Lack of access to health insurance isn’t the same as lack of access to health care. Can’t the uninsured rely on other options such as NeedyMeds, Social Security disability benefits or the emergency room?

It’s clear that there’s no replacement for having health insurance. Other programs — to help cover the cost of prescription drugs or assist those with long-term disabilities — may be beneficial, but not everyone is eligible for them, and they certainly don’t provide access to comprehensive care.

Studies show, over and over, that the uninsured are less likely to receive preventive care and help for major health conditions and chronic illnesses. The consequences can be dire not just for their health but for those with private insurance, as the costs are passed on in the form of higher premiums.

Emergency rooms are required to see anyone who walks through the doors, but they are not required to eat the costs. They may try to collect from the uninsured, adding debt to a person’s health concerns. They may also shift the costs associated with uncompensated care to private insurers.

Isn’t Medicaid expansion too expensive for Maine?

Maine still doesn’t have specific, complete information about how much expansion would cost or save. But expansion under the ACA is certainly the best deal that’s ever been offered — with 100 percent federal funding for three years for newly eligible recipients, gradually dropping down to 90 percent thereafter.

The fiscal impact calculated for last year’s Medicaid expansion legislation considers only the effect on the state budget, so it’s not complete. It showed expansion would save the general fund $689,851 in fiscal year 2013-14 and $3.8 million each in 2014-15 and 2015-16. It would then cost $5.2 million in 2016-17. Meanwhile, the state would see an increase of $92 million in federal funds in 2013-14, $325 million in 2014-15, $341 million in 2015-16, and $349 million in 2016-17. These numbers don’t account for additional expected revenue.
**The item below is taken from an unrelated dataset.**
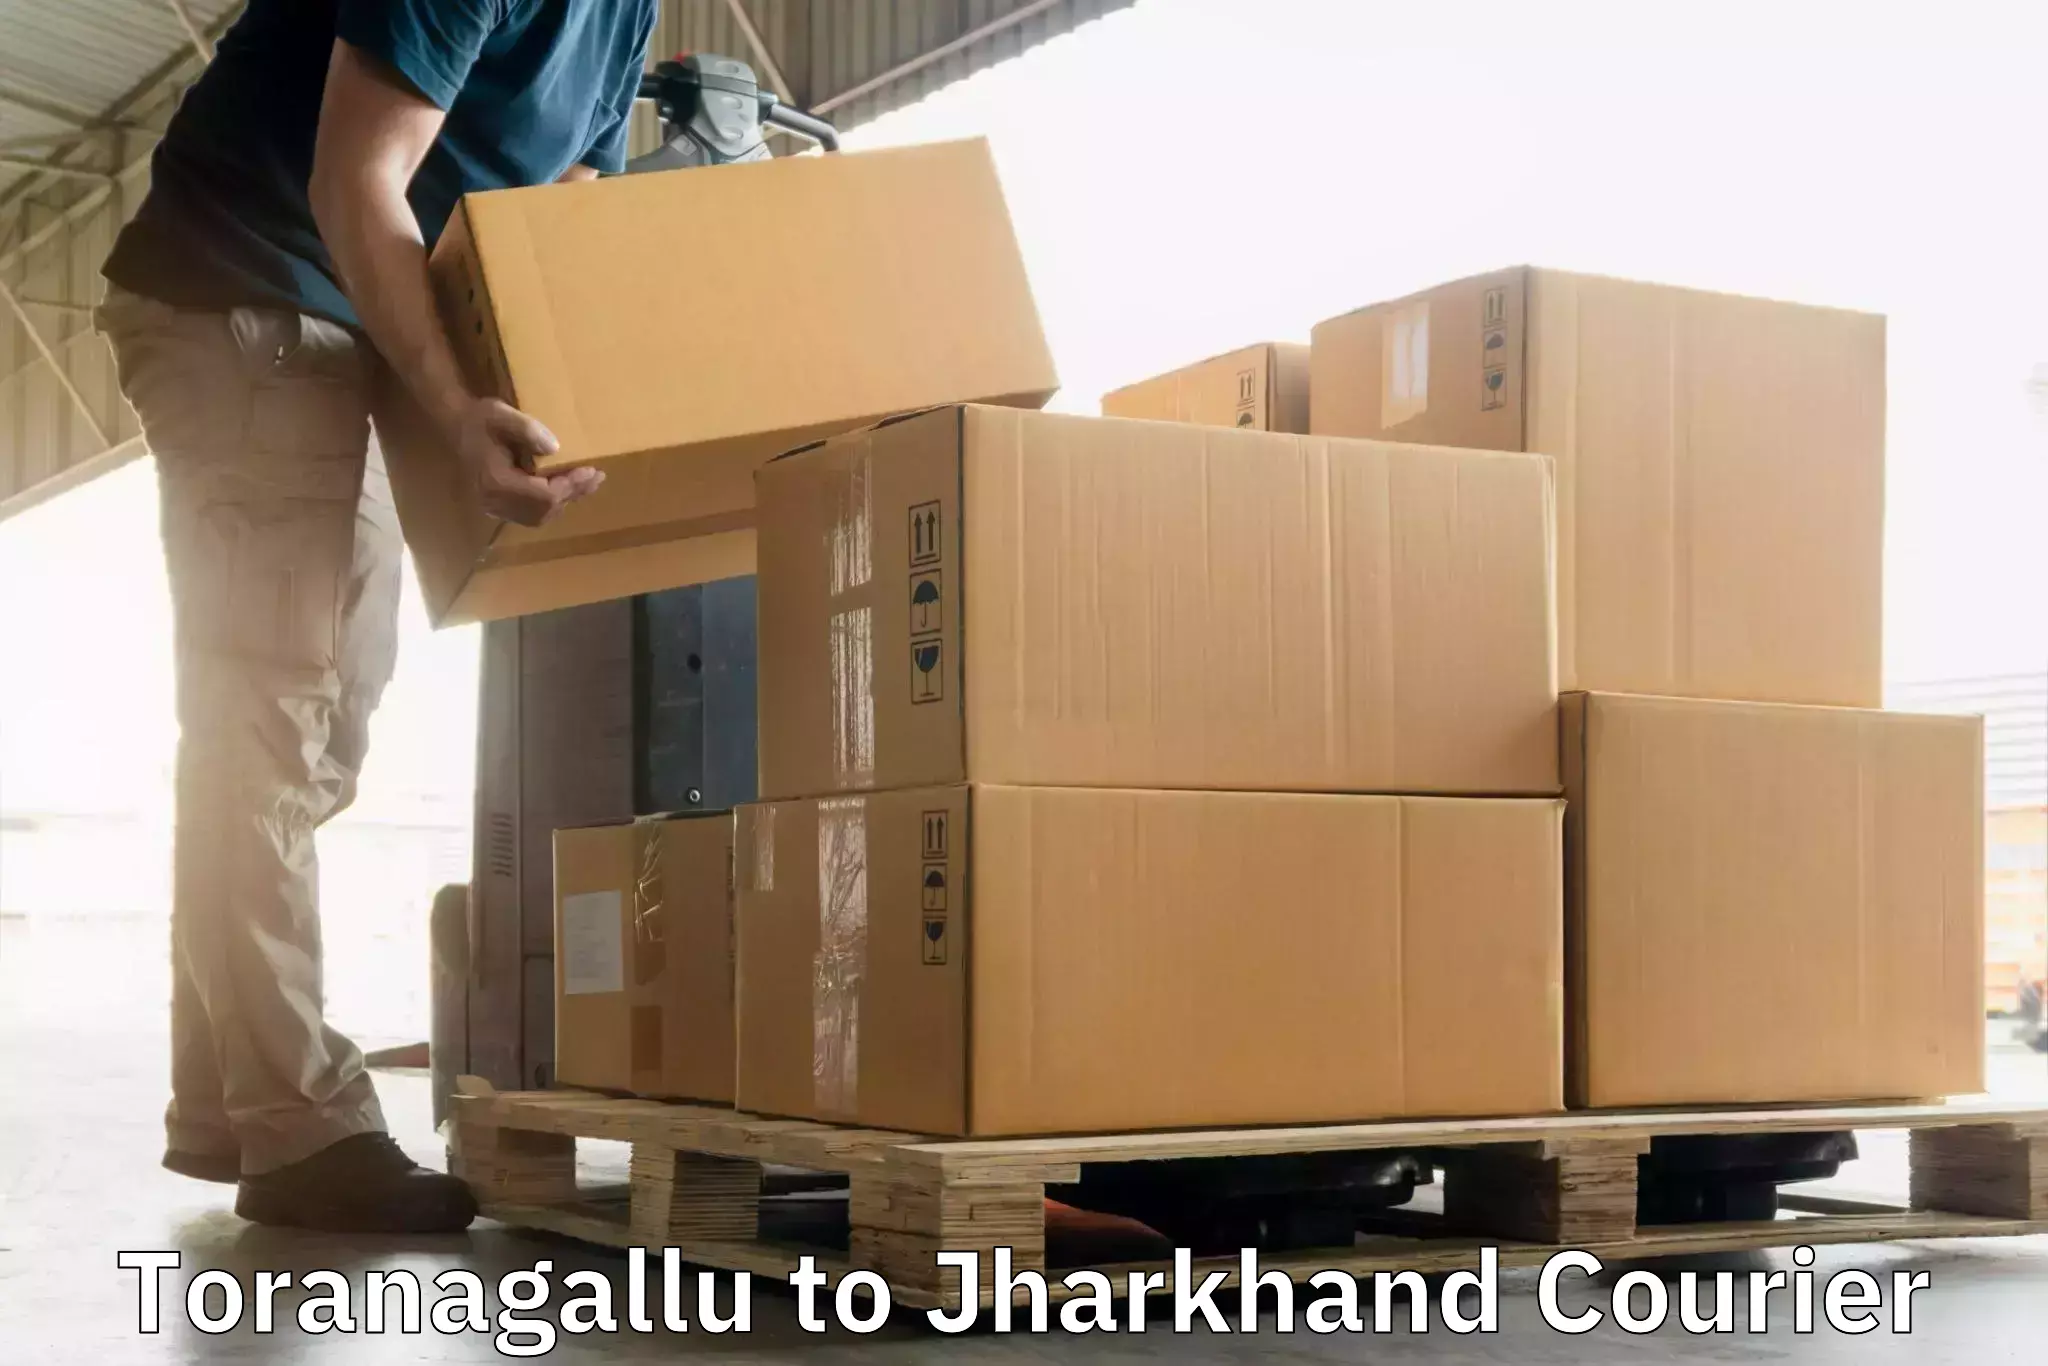 Automated parcel services Toranagallu to Jharkhand

A separate analysis from the Kaiser Family Foundation extrapolated national data. It projected that Maine would be one of 10 states to see the amount of state funds it spends on Medicaid actually drop over the next decade — by $570 million, or 3.8 percent — while the federal share of Medicaid expenses would rise by $3.1 billion, or 11.4 percent.

Finally, the new and controversial Alexander Group report commissioned by the LePage administration estimates expansion would cost the state $807 million over 10 years. The report, however, has extreme methodology flaws. For instance, it bases some of its projections off a dramatic rise in poverty that no one is expecting. It also does not consider potential savings to the state in the form of mental health services, substance abuse treatment and inmate health care for which Medicaid would start to cover costs as a result of the expansion.

Our position on the matter is clear: Expand Medicaid. But use the influx of federal funding and the momentum as an opportunity to reimagine how Medicaid is delivered. Ensure greater accountability. Improve quality. Measure the effects. Get a better handle on cost overruns. If the LePage administration had been working with the Legislature all this time on how to improve the system and expand Medicaid in the most cost-efficient way possible, rather than fighting largely ideological battles, it could have actually accomplished something. Instead, Maine gets reruns.